320 HW 0

Handwritten submissions only.

    Do not type your homework for this homework assignment. We will discuss advisablity for subsequent homework submissions. But for now, don't.
Why?
  • Short Answer: Because.

  • Long Answer: Judging from the submissions of your predecessors in this course, it is exceedingly difficult to properly format your work. You lose points and/or your grader becomes cranky. (Which amounts to the same thing.)

Anything else?

    Write clearly. If people have told you in the past your work is hard to read of messy, you'll have to try harder or copy over your work neater when done solving problems.

    Do not cram your lines together. You should submit the handwritten equivalent of "double-spaced" work.

    There should be a 1.5 inch margin on both left and right side of each page to allow room for my comments and grading notes.

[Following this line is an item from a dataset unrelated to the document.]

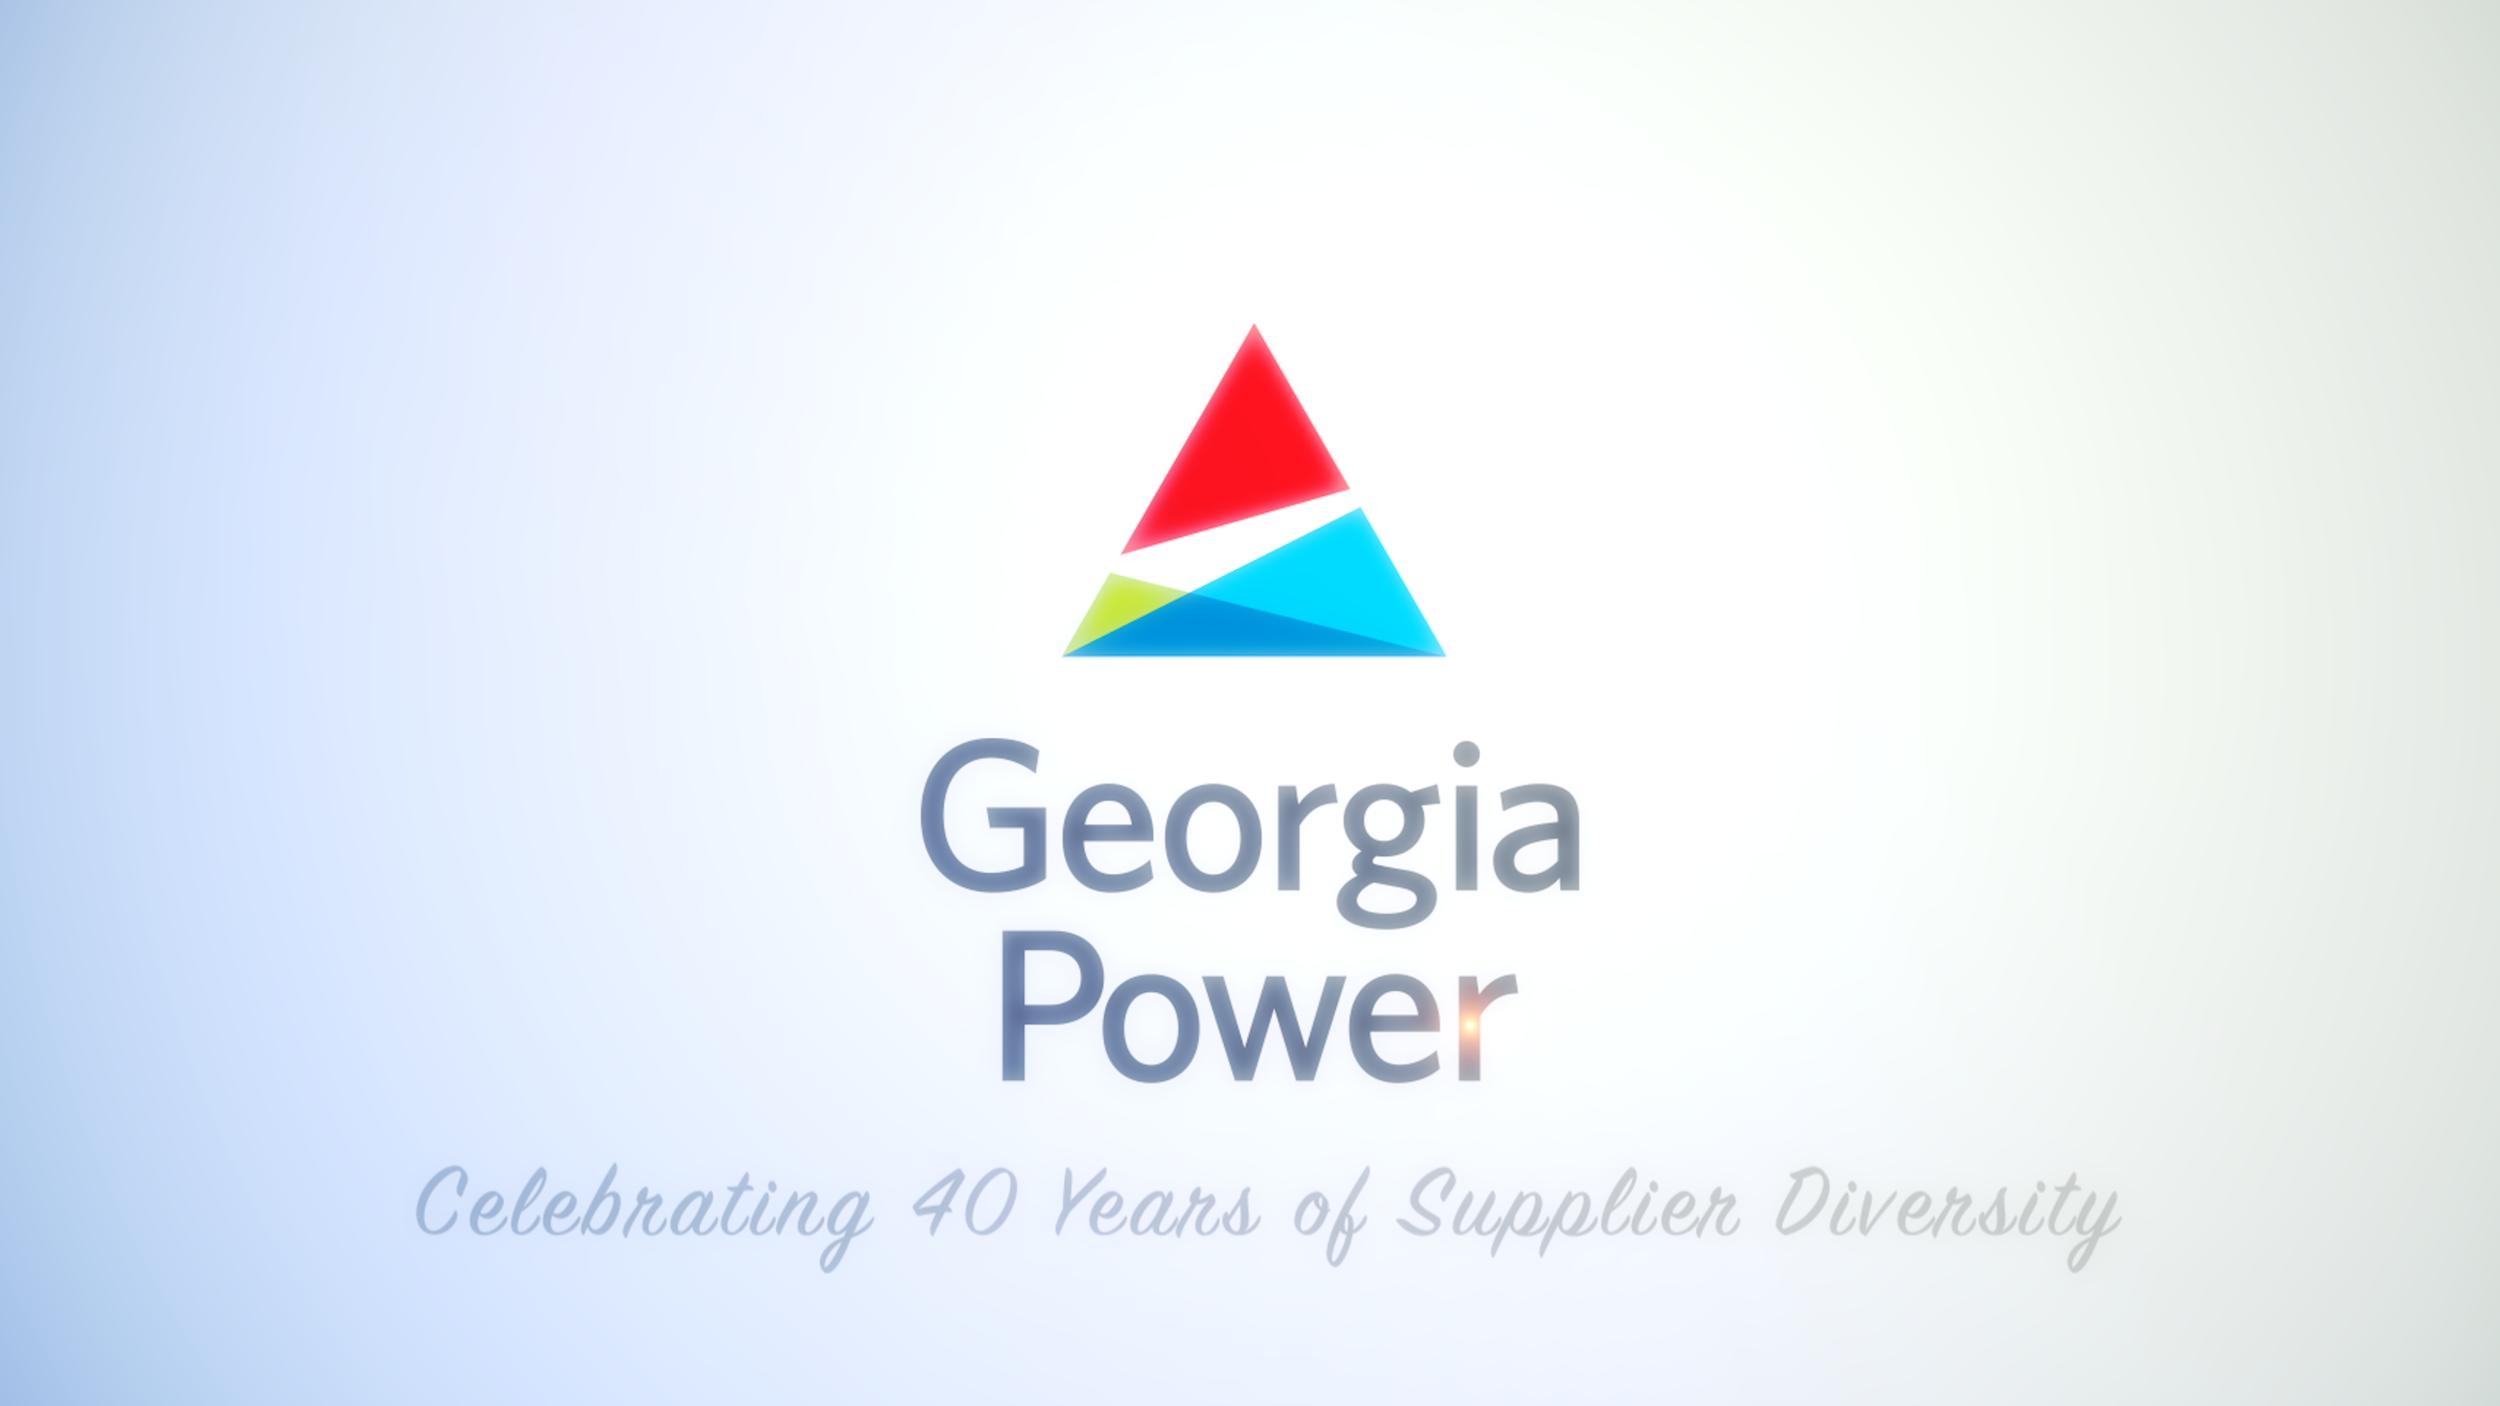 georgia power commercial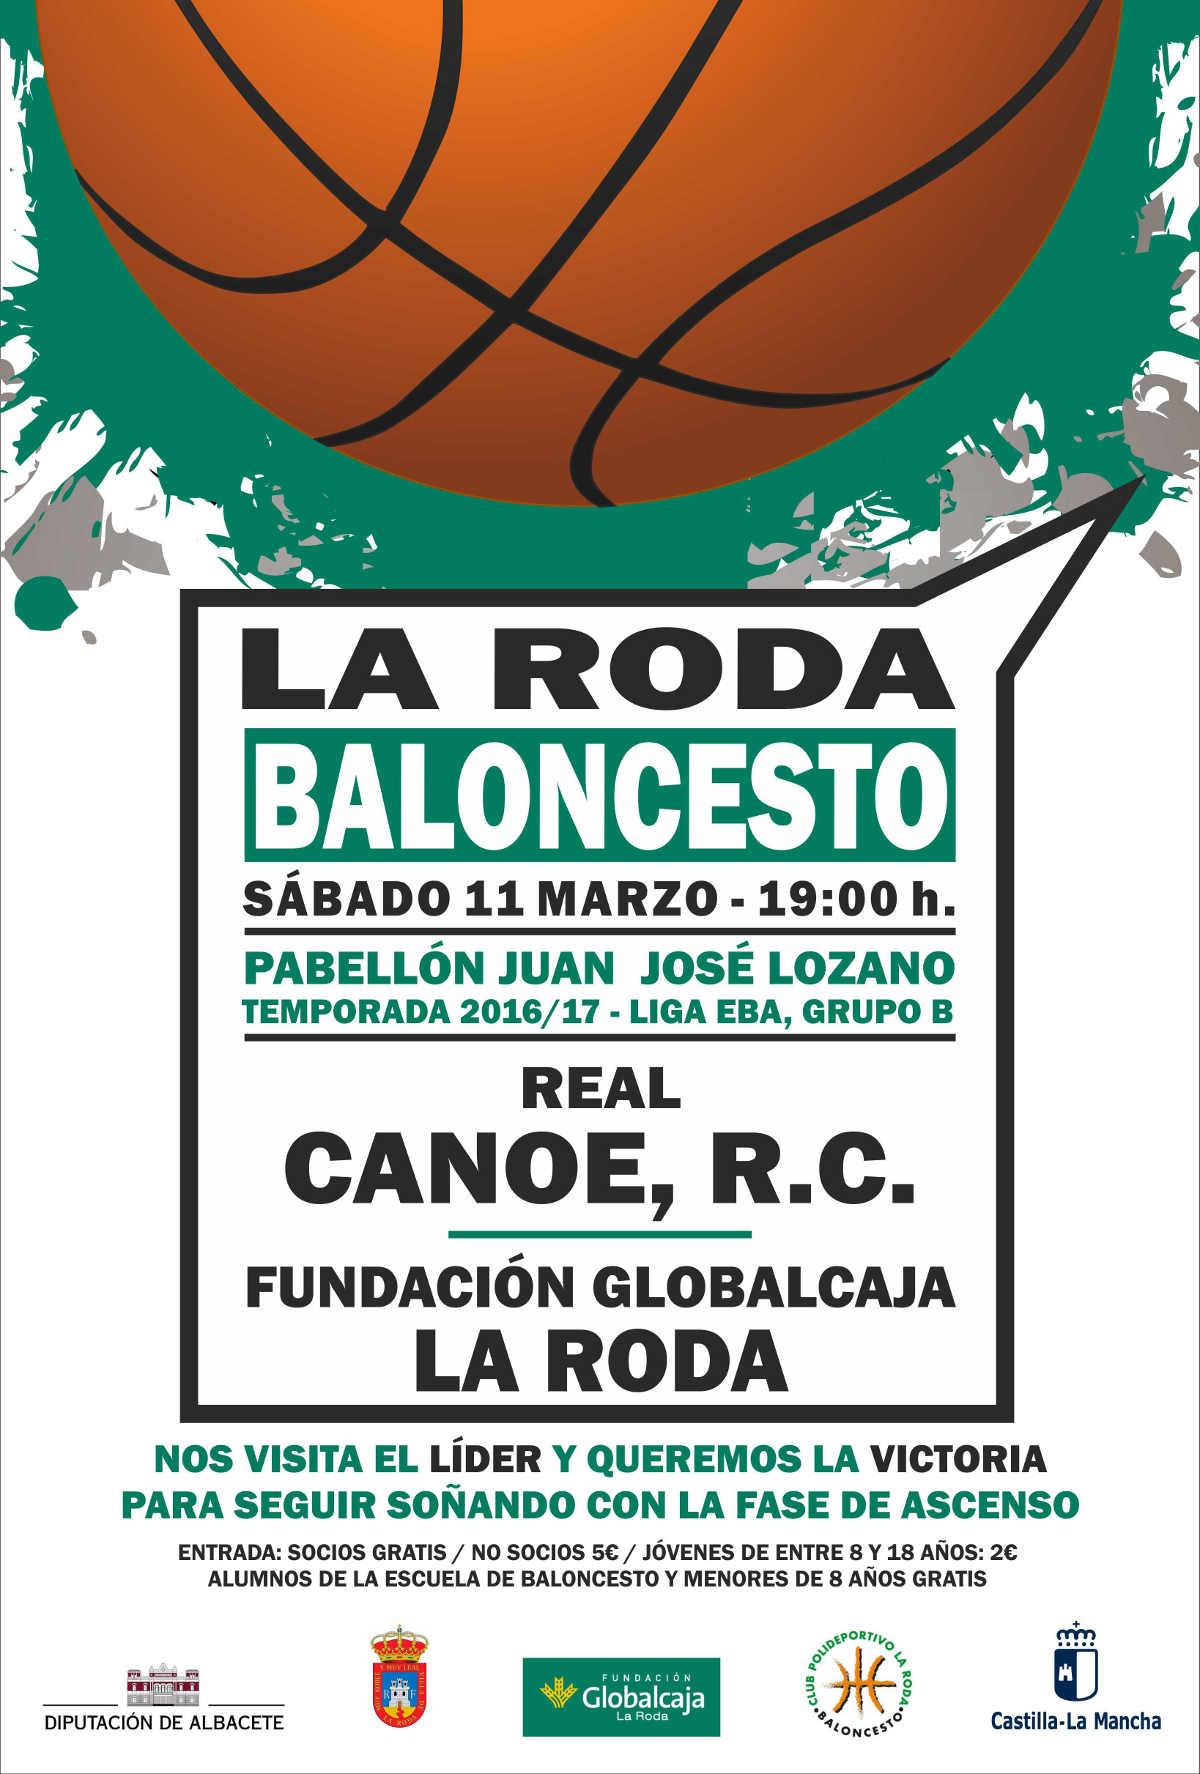 Cartel Fundación Globalcaja La Roda - Real Canoe

    If you use lined paper, make sure your writing is darker than those lines!

    The size of your writing should be 14pt font. No small writing. I want to be able to read it easily.

For this assignment, at most one problem per page and single-sided submissions only.

  1. Consider the formal definition for the sorting problem given on the first page of chapter 2 in CLRS.
    1. Using similar formalities, write a definition for a problem find-min that instead of modifying the input sequence, scans it for the smallest value and returns the index of that value in the sequence no matter what it is.
    2. Write pseudocode for find-min.
    3. Using a loop invariant, prove that your algorithm for find-min is correct. Make sure that your loop invariant fulfills the three necessary properties.
  2. Consider the searching-problem

    Input: A sequence of n numbers A=<a1,a2,...,an> and a value v.

    Output: An index i such that v = A[i] or the special value NIL if indicates that v does not appear in A.

    1. Write pseudocode for linear-search, which scans through the sequence, looking for v.
    2. Using a loop invariant, prove that your algorithm is correct. Make sure that your loop invariant fulfills the three necessary properties.
  3. Consider sorting n numbers stored in an array A by first finding the smallest element of A and exchanging it with A[n]. Then find the second smallest element of A and exchanging it with A[n-1]. Continue in this manner for the first n-1 smallest elements of A.
    1. Write pseudocode for this algorithm.
    2. What loop invariant does your algorithm maintain?
    3. What consequences would there be if instead of doing the search and exchange step n-1 times you did it ...

      for only n-2 times?

      for exactly n times?

    4. If there is a relationship of numbers in an input array that causes your pseudocode to run more slowly/quickly than another, describe it. If there is no such relationship, explain why not.

    For this homework, you are asked to pledge the following.

    1. I have not consulted any source other than the allowed
      1. Dr. Dale
      2. our textbook
    2. I have not consulted any other person, any other text, or the web.